During his State of the Association address earlier this month, Brand attempted to debunk several prevalent notions about college sports.

Among the implications addressed were the idea that college sports is more about the sports than the college and the theory that the student-athlete is an overlooked pawn in the big-money world of college athletics. Brand said that student-athlete graduation rates that trump those of the general student body help quell the first misconception. But while he scoffed at the thought that college sports are only about the bottom line, he did astutely recognize that universities who see football and basketball as integral revenue streams are under increasing pressure to win at all costs and are thus more inclined to stoop to whatever level necessary to achieve that end.

It would be naive to think that money doesn’t have its place in Ivy League sports, especially in football, which is still each member school’s athletic cash cow. But if profit margins contingent on winning games really were an indispensable factor, you have to think there would have been more of a popular clamor to address the head coaching position here after four straight losses to Harvard and five consecutive years without a conference title. Compared to schools like Florida and Notre Dame that pulled the plug on reasonably successful coaches this autumn after only three seasons each, Yale is simply not subject to the same forces that prompt such quick reactions.

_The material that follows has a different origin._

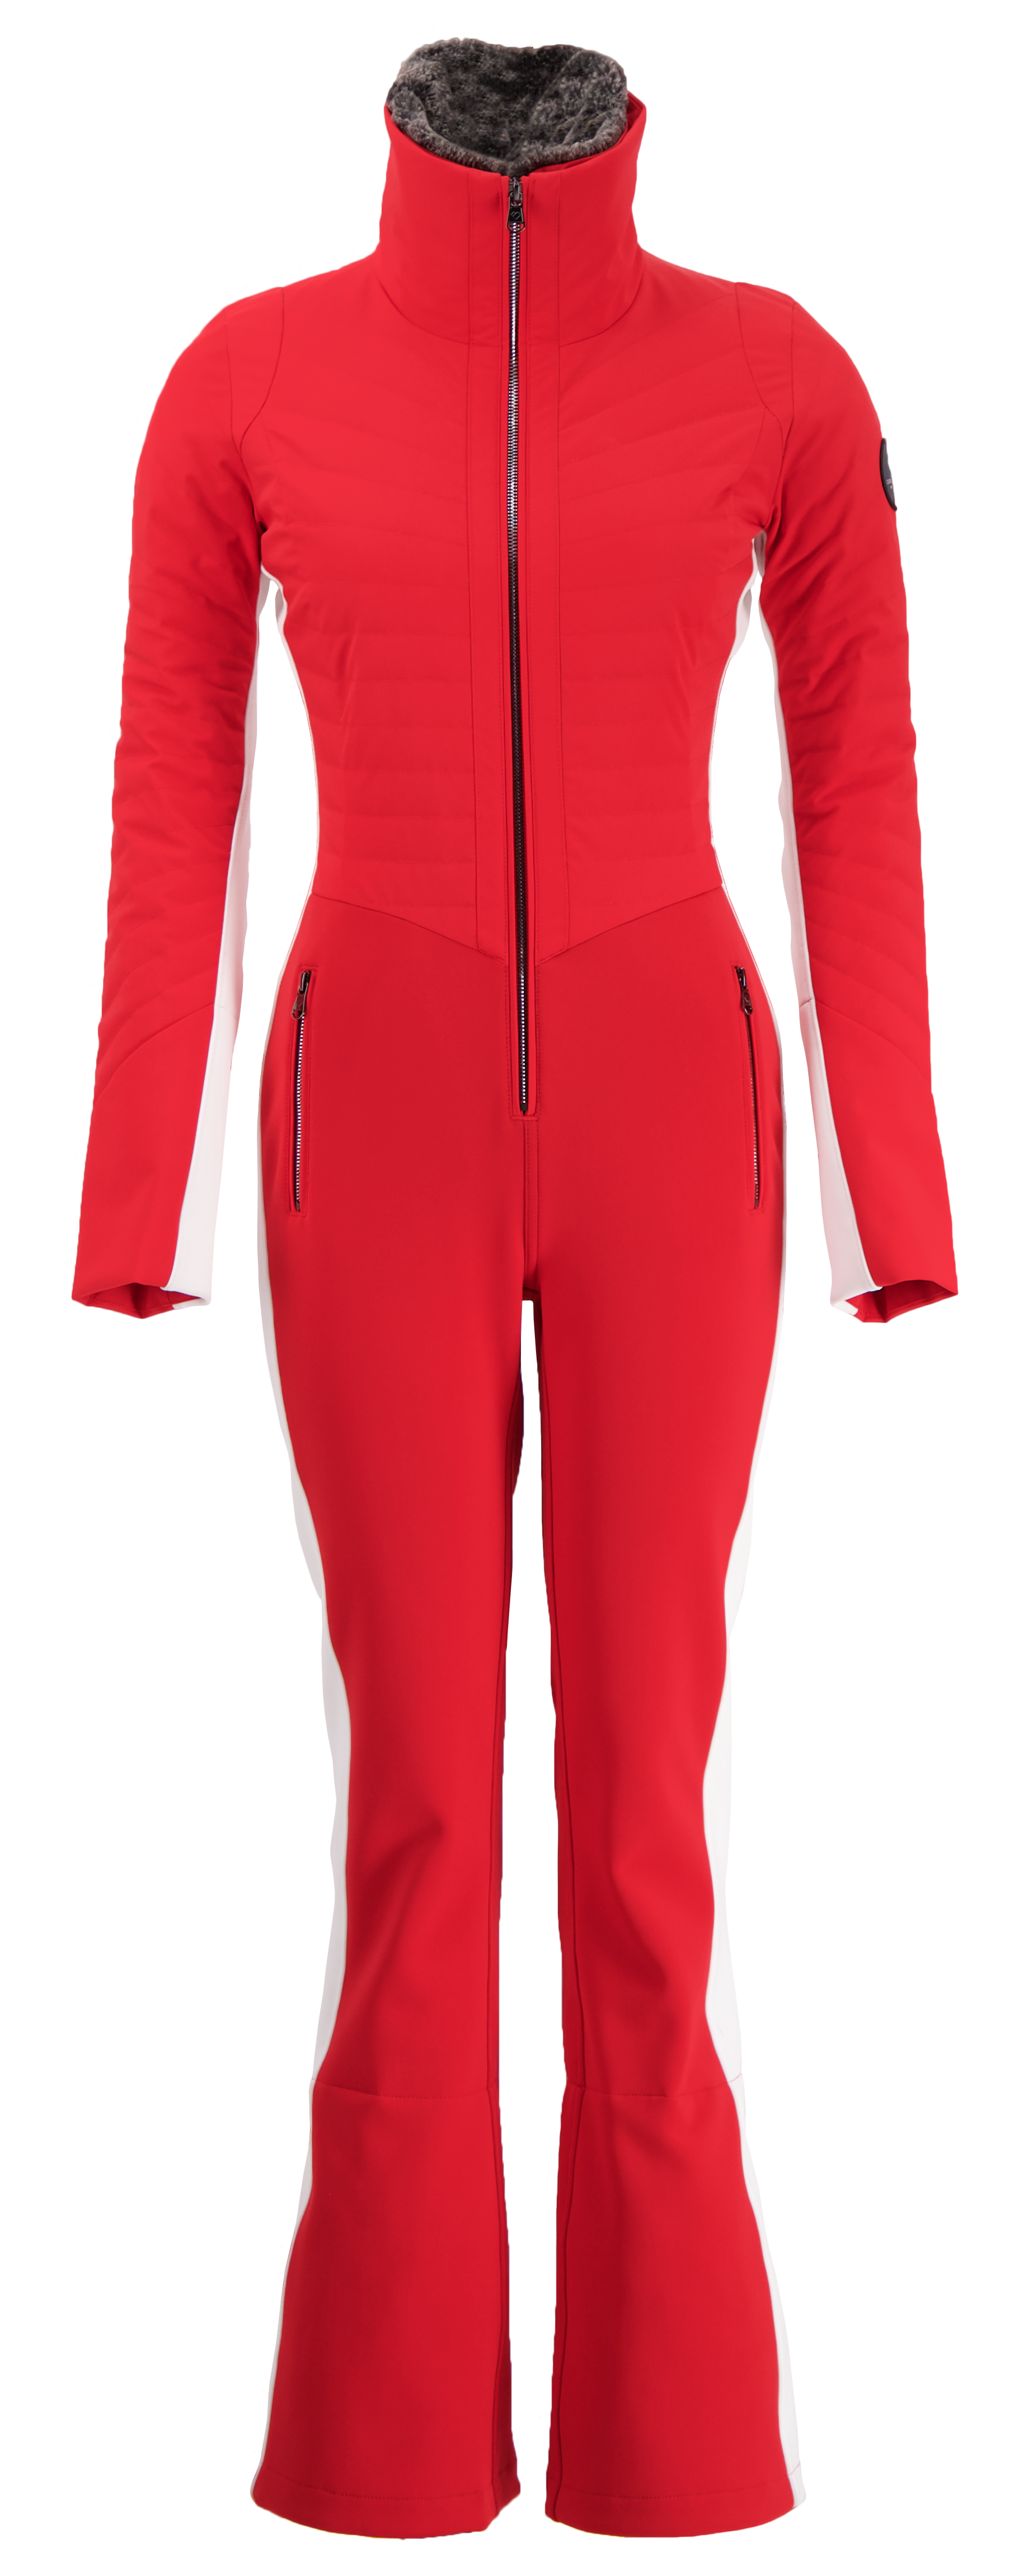 Lindsey Vonn Racing

Dartmouth Admissions Dean Karl Furstenberg did not limit his critique to football, citing “other sports in which the same [cultural] phenomenon is apparent.” But in the face of the problems plaguing collegiate athletics at large, the crusade that the eight Ivy League institutions appear to be on seems frivolous. Any proposal relating to athletic scholarships is irrelevant to schools who offer no such thing to begin with, and it’s also unlikely given the nature of the schools themselves that any great number of teams would fail to meet whatever criteria is established.

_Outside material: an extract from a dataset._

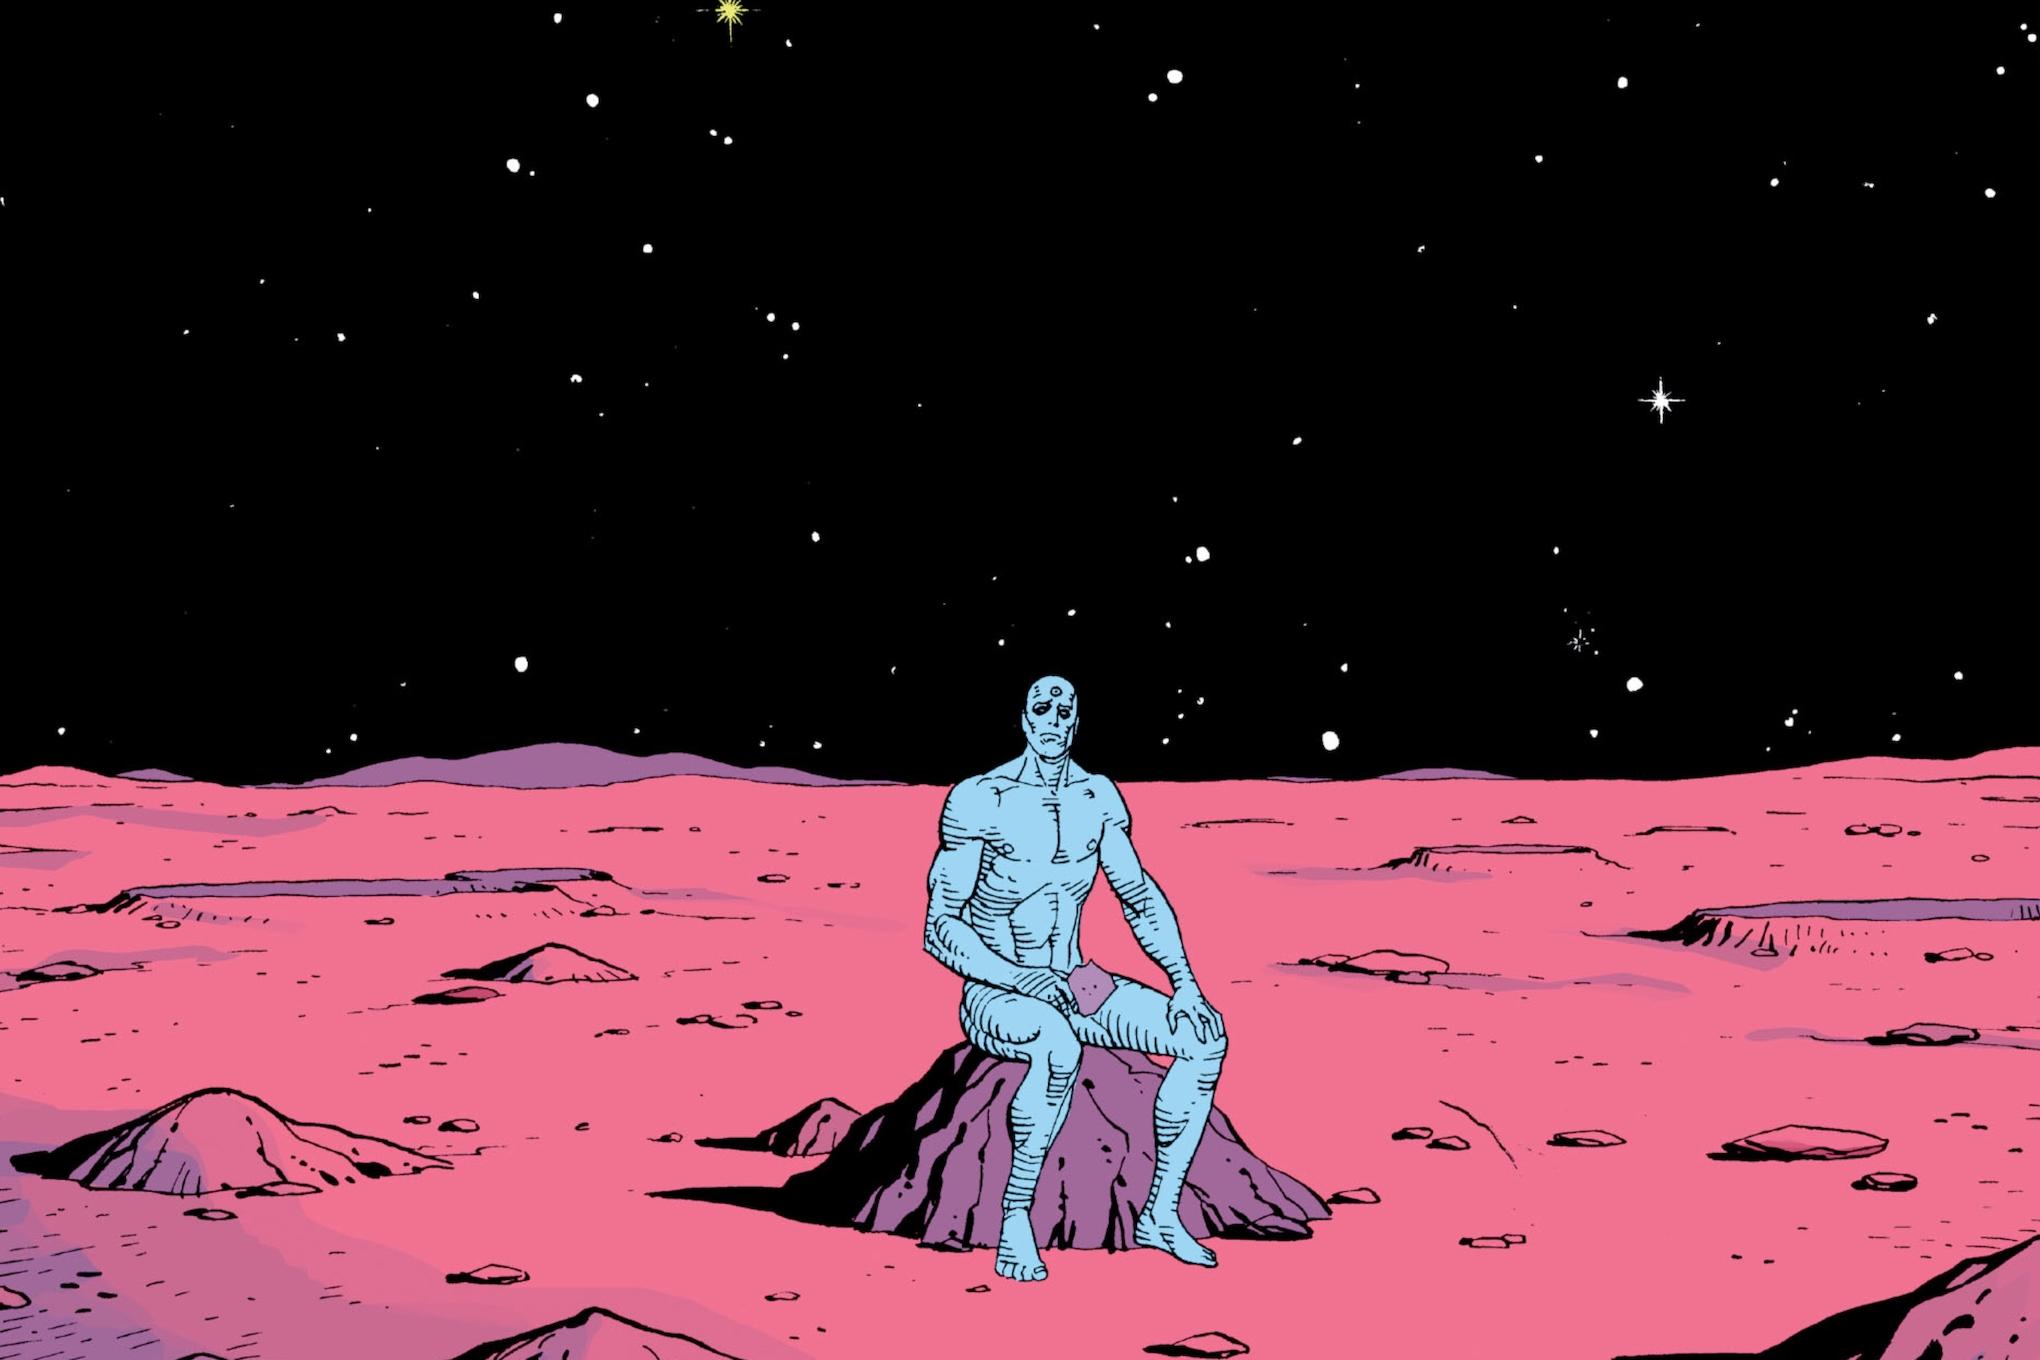 The reason Doctor Manhattan loves Mars

When 10 of the teams involved in the 2003 men’s basketball Sweet Sixteen failed to graduate half their players within a six-year span (spearheaded by Oklahoma graduating exactly none of its “student”-athletes), there is cause for concern. When the Dartmouth football team attracts a preponderance of student-body and alumni interest, there is not. Any extracurricular activity in which a student decides to participate here can be stifling in the amount of time and energy it consumes. Whether it be a cappella, college council or sports on an intramural level, people will inevitably find something that interests them and devote their time disproportionately to it. Varsity athletics are no different. Same as how it’s no different if a kid gets admitted because he can throw a football or because his father and grandfather went here or because he is a world-class cellist. It would be a mistake for Ivy League administrators to continue to supplement NCAA guidelines with haughty policies and statements that only serve to perpetuate an image of elitism and to dubiously create a crisis where one does not currently exist.